Taking a Risk Three Years Ago: I Lived A Dream

May 24, 2025
by Dr. Plastic Picker
It was exactly three years ago that I decided to leave middle management and return to full time clinical work, ostensible to take over the Public Health Advisory Council Chair of Climate Actions Campaign. But it was also to choose to do things that brought me joy.
I don’t think I could have predicted how life would end up. I’m home upstairs and it’s 7:41am. Mr. Plastic Picker is at work, still on the path to chief of his department despite my best efforts to stop him from going that route. I’d rather he be chief of his own health, and just do clinical work. But he is who he is, and he still reaching for the titles. My parents-in-law are still in relatively good health, despite some minor recent setbacks. They are in their 80s, and not as vigorous as they used to be. But we life each day together. And my sisters-in-law, two of them, are here from New York and the house is full with their back and forth with their parents. At these times, I’m more of an observer than a main character – and I’m okay with that. They are here to see their parents.
But what I wanted to share today is how incredibly grateful I have been for these three years. For odd circumstances, I have been jotting down my climate thoughts and thoughts on my own daughter regularly for three years. And I have so many memories of her that are precious. Things she said. Little dramas about friends and schools. Snapshots of her creative process with her ceramics. I’m so incredibly grateful for those three years of observing her and noticing her, and being truly present for that time.

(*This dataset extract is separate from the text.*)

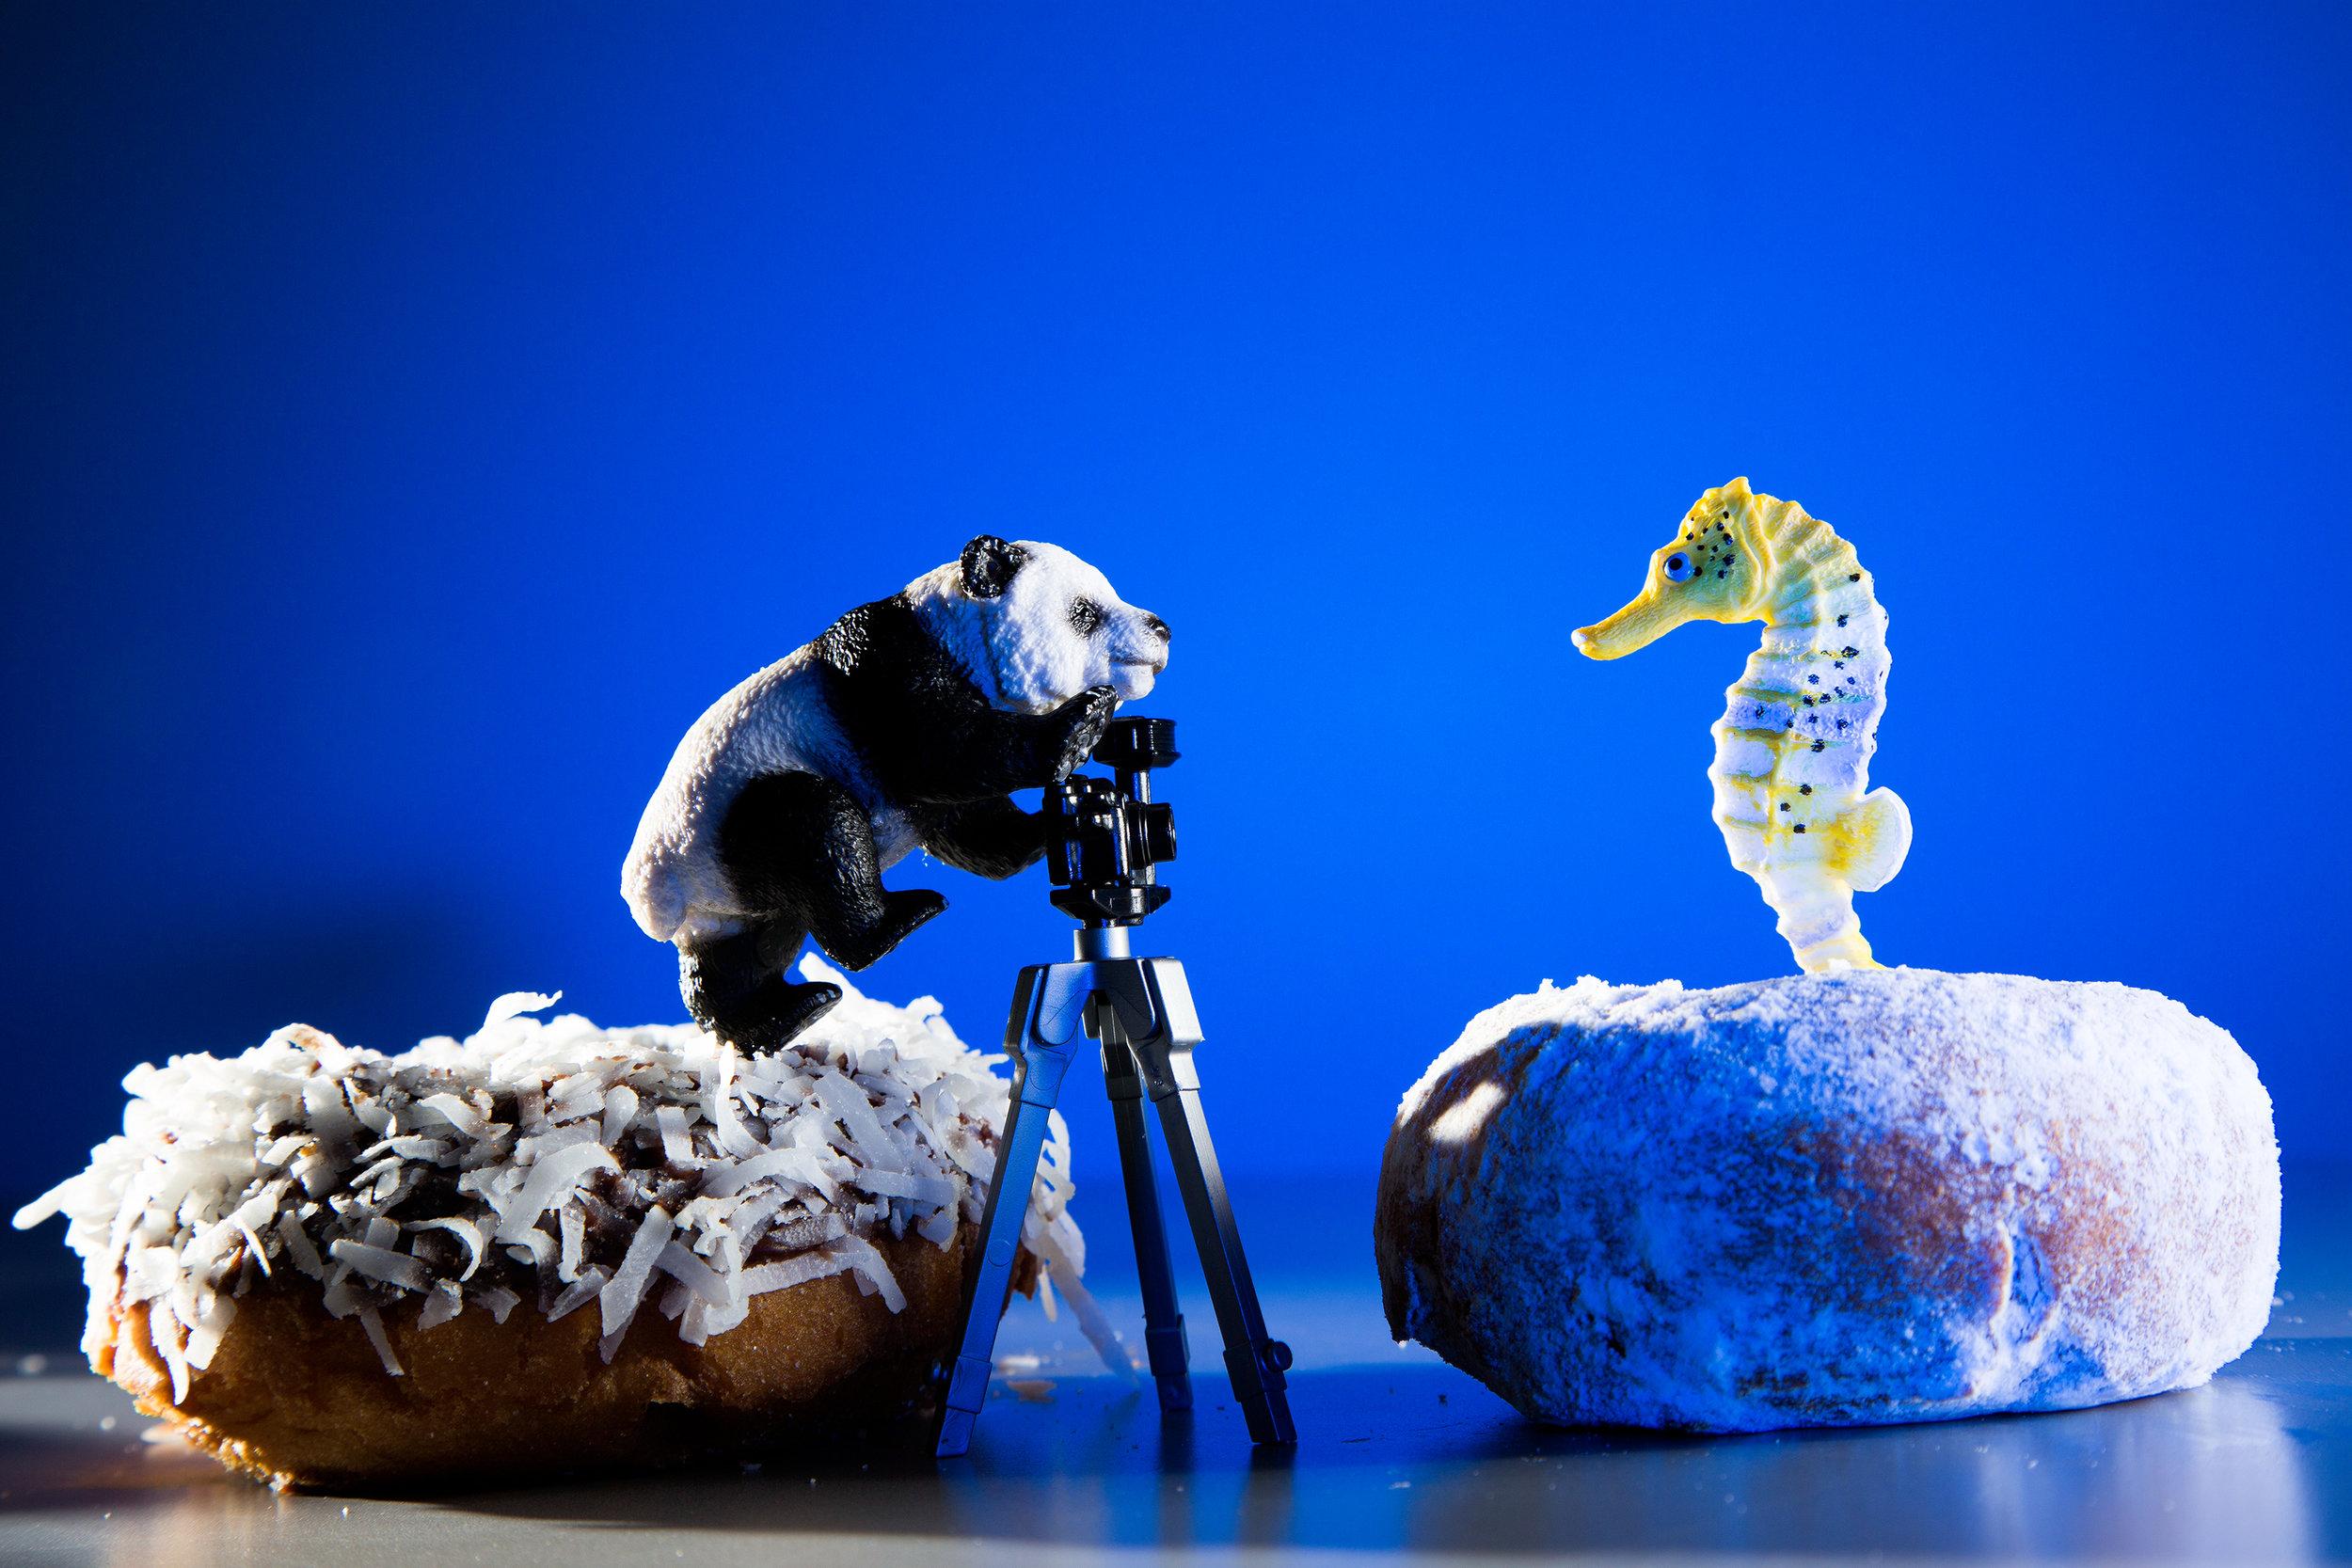 Panda and Seahorse Photo Shoot

It was scary to leave. It’s always scary to take a path that is uncommon. But I never realized I would in return get to live this incredible three years.
Our daughter is finishing junior year, and she tells me she’s technically a senior now. She has a fancy digital camera and already I can see her capturing snippets of her life and her narrative voice is more powerful than mine. I think this next year I’m just going to live it with her and not document daily anymore. The reason for documenting is gone now, but the emails remain as this beautiful window into how I raised her.
She went to junior prom with her friends, and the three girls were very beautiful. They got to join their larger friend group later. And even during the climate and political chaos of the present, they get to still be teenagers in high school.